ARM: Rich interface resources, low power consumption, good at multimedia display, logic control, etc.
FPGA: Good at multi-channel or high-speed AD acquisition, interface expansion, high-speed signal transmission, high-speed data parallel processing, etc.
Therefore, the ARM+FPGA architecture can bring comprehensive comparative advantages in terms of performance, cost, and power consumption. ARM and FPGA can perform their own duties and give full play to the unique advantages of the original architecture, and they can also cooperate with each other to solve more complex problems. For higher discrete ARM+FPGA occasions that are not sensitive to cost and require communication speed, the PCIe communication interface is generally used. However, for cost-sensitive discrete ARM+FPGA applications, the PCIe communication interface keeps the cost of the FPGA chip high.
For many industrial fields such as energy and power, industrial control, etc., what is really needed is a solution with competitive performance and cost. It is required to achieve high-speed communication between ARM and FPGA, and to achieve optimal cost, and it is best to be based on Domestic program. In the context of this demand, HAOXINSHENG Technology provides three solutions based on domestic ARM and low-cost FPGA high-speed communication.
Hardware Platform Introduction
HAOXINSHENG Technology TLT3-EVM/TLA40i-EVM is a 4-core ARM Cortex-A7 industrial evaluation board designed based on T3/A40i processor. Both T3 and A40i are pin to pin compatible. The evaluation board is rich in interface resources, leading out dual network ports, dual CAN, dual USB, dual RS485 and other communication interfaces, onboard Bluetooth, WIFI, 4G (optional) modules, and also leads out MIPI LCD, LVDS LCD, TFT LCD , HDMI OUT, CVBS OUT, CAMERA, LINE IN, H/P OUT and other audio and video multimedia interfaces, support dual-screen different display, Mali400 MP2 GPU, 1080P@45fps H.264 video hardware encoding, 1080P@60fps H.264 video hardware decoding, and supports SATA mass storage interface.

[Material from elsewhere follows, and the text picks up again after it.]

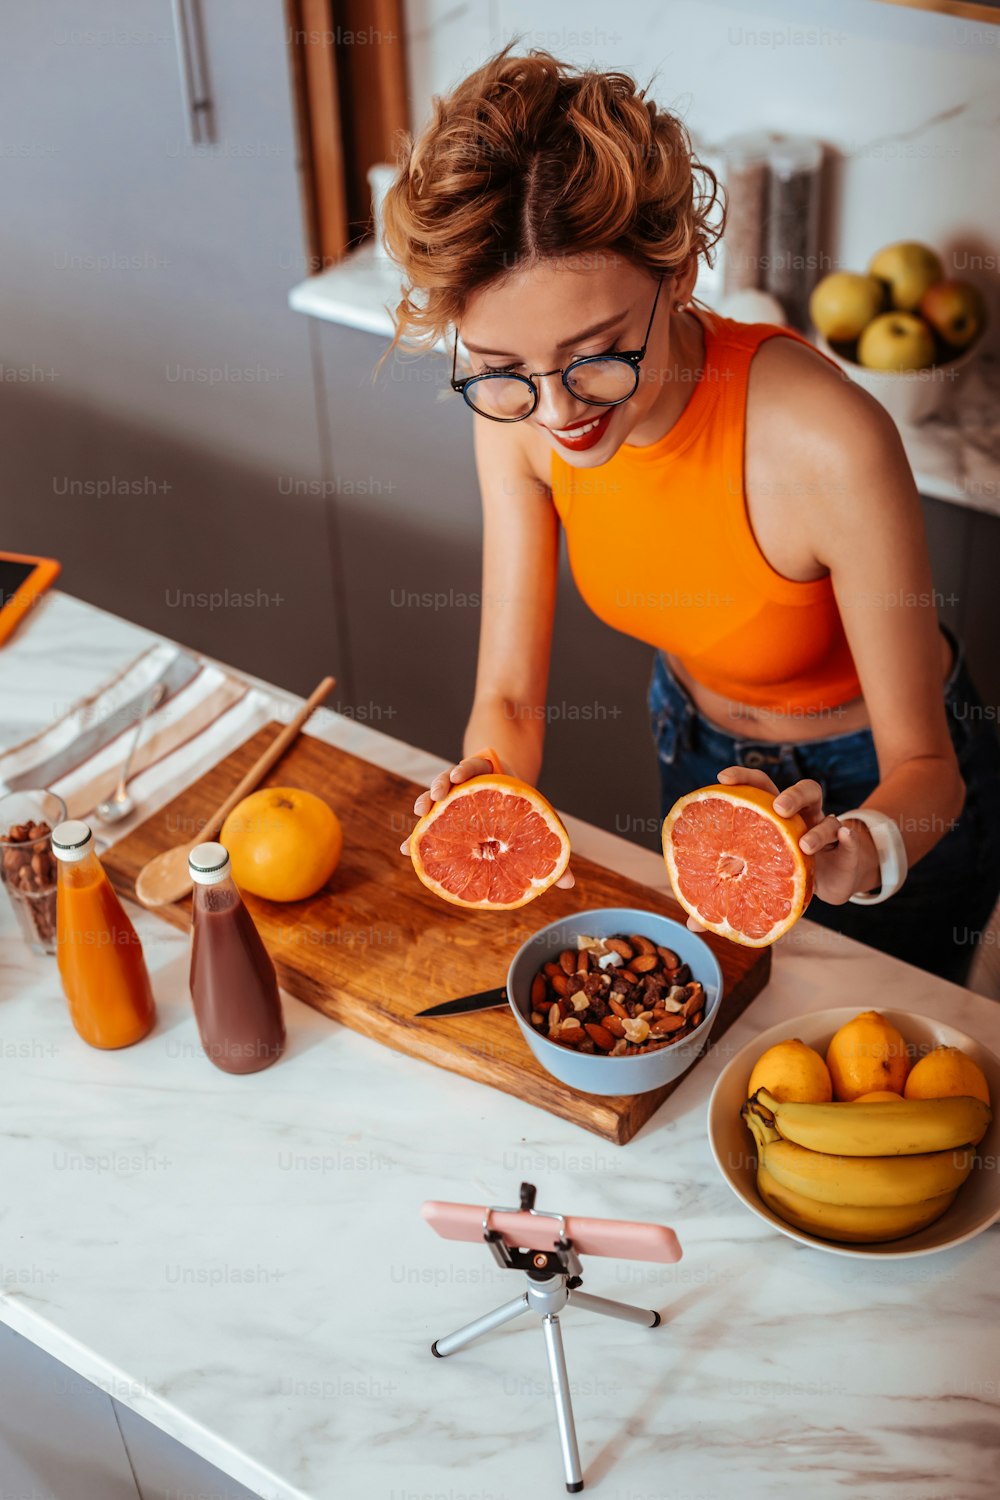 For the juice. Joyful positive woman showing two grapefruit halves while wanting to make a juice

The core board has been verified by professional PCB Layout and high and low temperature testing, which is stable and reliable, and can meet various industrial application environments. Most of the components on the evaluation board adopt current mature solutions, which is convenient for users to quickly conduct product solution evaluation and technology pre-research.
1. spi_rw case
Case Description
Case function: It mainly demonstrates the SPI communication between T3/A40i (ARM Cortex-A7) and PGL25G/Spartan-6 (FPGA) processor.
The ARM side realizes the SPI Master function a. Open the SPI device node, such as: /dev/spidev0.0. b. Use ioctl to configure the SPI bus, such as SPI bus polarity and phase, communication rate, data word length, etc. c. Select the mode as single-line mode or dual-line mode. When the SPI bus is in two-wire mode, sending data is single-wire mode, and receiving data is two-wire mode. d. Send data to the SPI bus, and read data from the SPI bus. (Note: If the single transfer data is larger than 64Byte, the driver will automatically enable the DMA transfer function.) e. Print the sending and receiving rates. f. Verify the read and write data, and then print the bit error rate. The FPGA side realizes the SPI Slave function a. The FPGA saves the 2KByte data sent by the SPI Master to the BRAM. b. When the SPI Master initiates read data, the FPGA reads 2KByte from the BRAM and transmits it to the SPI Master through the SPI bus. c. When the SPI bus is in two-wire mode, receiving data supports two-wire mode, but sending data does not support two-wire mode
Test Results
(1) SPI single-wire mode According to the official data sheet, the theoretical value of the SPI bus communication clock frequency is up to 100MHz. This test specifies that the SPI bus communication clock frequency is the maximum value of 100MHz, then the theoretical rate of the SPI single-wire mode is: (100000000/1024/1024/8)MB/s ≈ 11.92MB/s. The measured SPI single-wire mode write rate is: 10.924MB/s, and the SPI single-wire mode read rate is: 10.924MB/s.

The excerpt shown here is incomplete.